Threshold Boundaries

Applying the primary findings mapped in Section 3 (h^* \approx 0.5 \to 1.5 bits), we define the environmental thresholds at which the human phenomenal render will collapse:

  1. Reflexive/Baseline Collapse Environment: For a continuous, fast-moving environmental process operating at Mode A limits (h^* \approx 0.5 bits), if the observer is embedded in a chaotic generating process—such as a dense, unpredictable spatial static terrain—that strictly requires more than 0.5 bits of uncompressible trajectory updates per 50 ms sequence to model, the process virtually guarantees continuous global workspace overflow.
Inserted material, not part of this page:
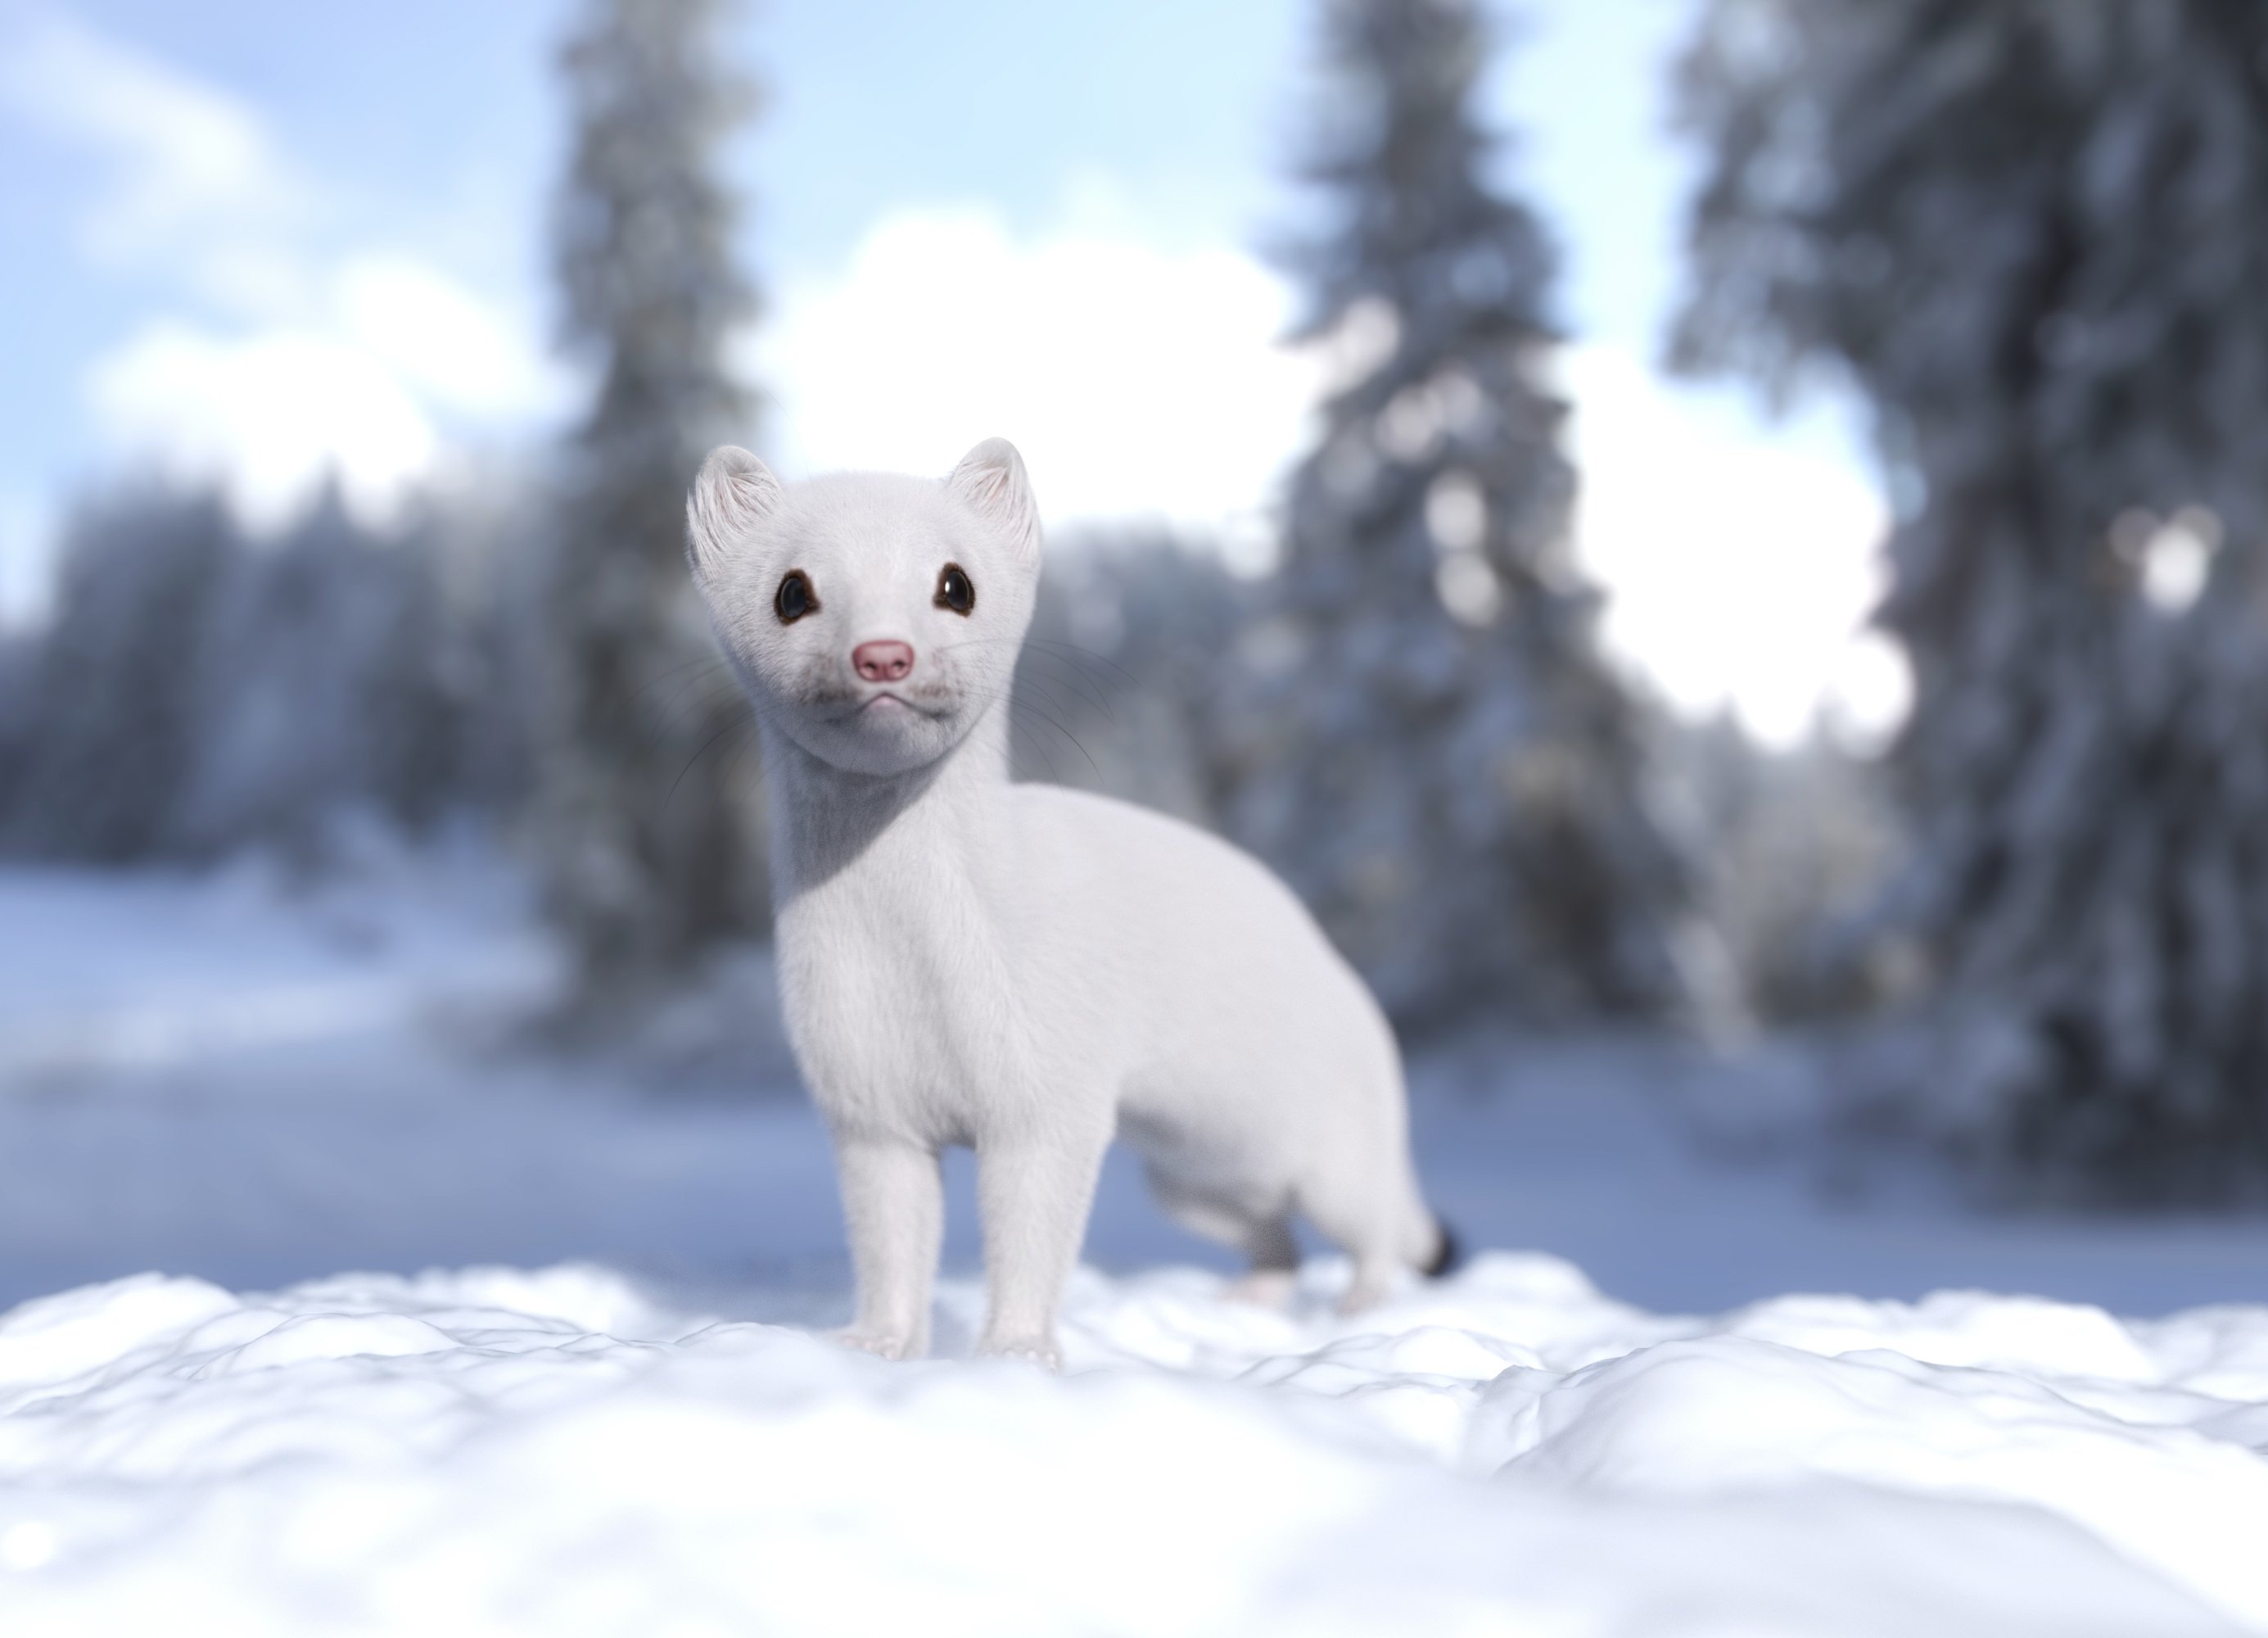 Weasel by AM by: Alessandro_AM, 3D Models by Daz 3D

The system will fail to track continuous geometry and default to rendering blurred boundaries or visual dissociation blocks. (Under rare Mode C peak-extremal processing conditions (h^* \approx 5.6 bits), an observer operating at higher channel capacity would tolerate environments up to 5.6 bits before collapse).
  2. Deep Metacognitive Collapse Environment: When navigating deep internal schemas, the slower Mode B process (h^* \approx 1.5 bits) can be fractured by a sustained sequence of mathematically incompressible inputs exceeding 1.5 bits per 300 ms window. Persistent exposure to mathematically irreducible stochastic input geometries (e.g., severe psychedelic states) will shatter the abstract narrative loop.

5. Summary Consequence

A single human conscious moment possesses a maximum data-update capacity of roughly 0.5 bits at fast perceptual baseline, rising to a maximum envelope of roughly 1.5 bits under deep metacognitive integration.

These severely constrained bounds, which establish a sufficient condition for collapse rather than an exact threshold, provide strong structural support for OPT’s main finding: The richness of human phenomenological reality is not streaming live from the sensors. It must originate dominantly from the massive, standing predictive Codec State (K_\theta), with the tiny h^* channel capacity used solely to select, modulate, or trigger standing geometric priors.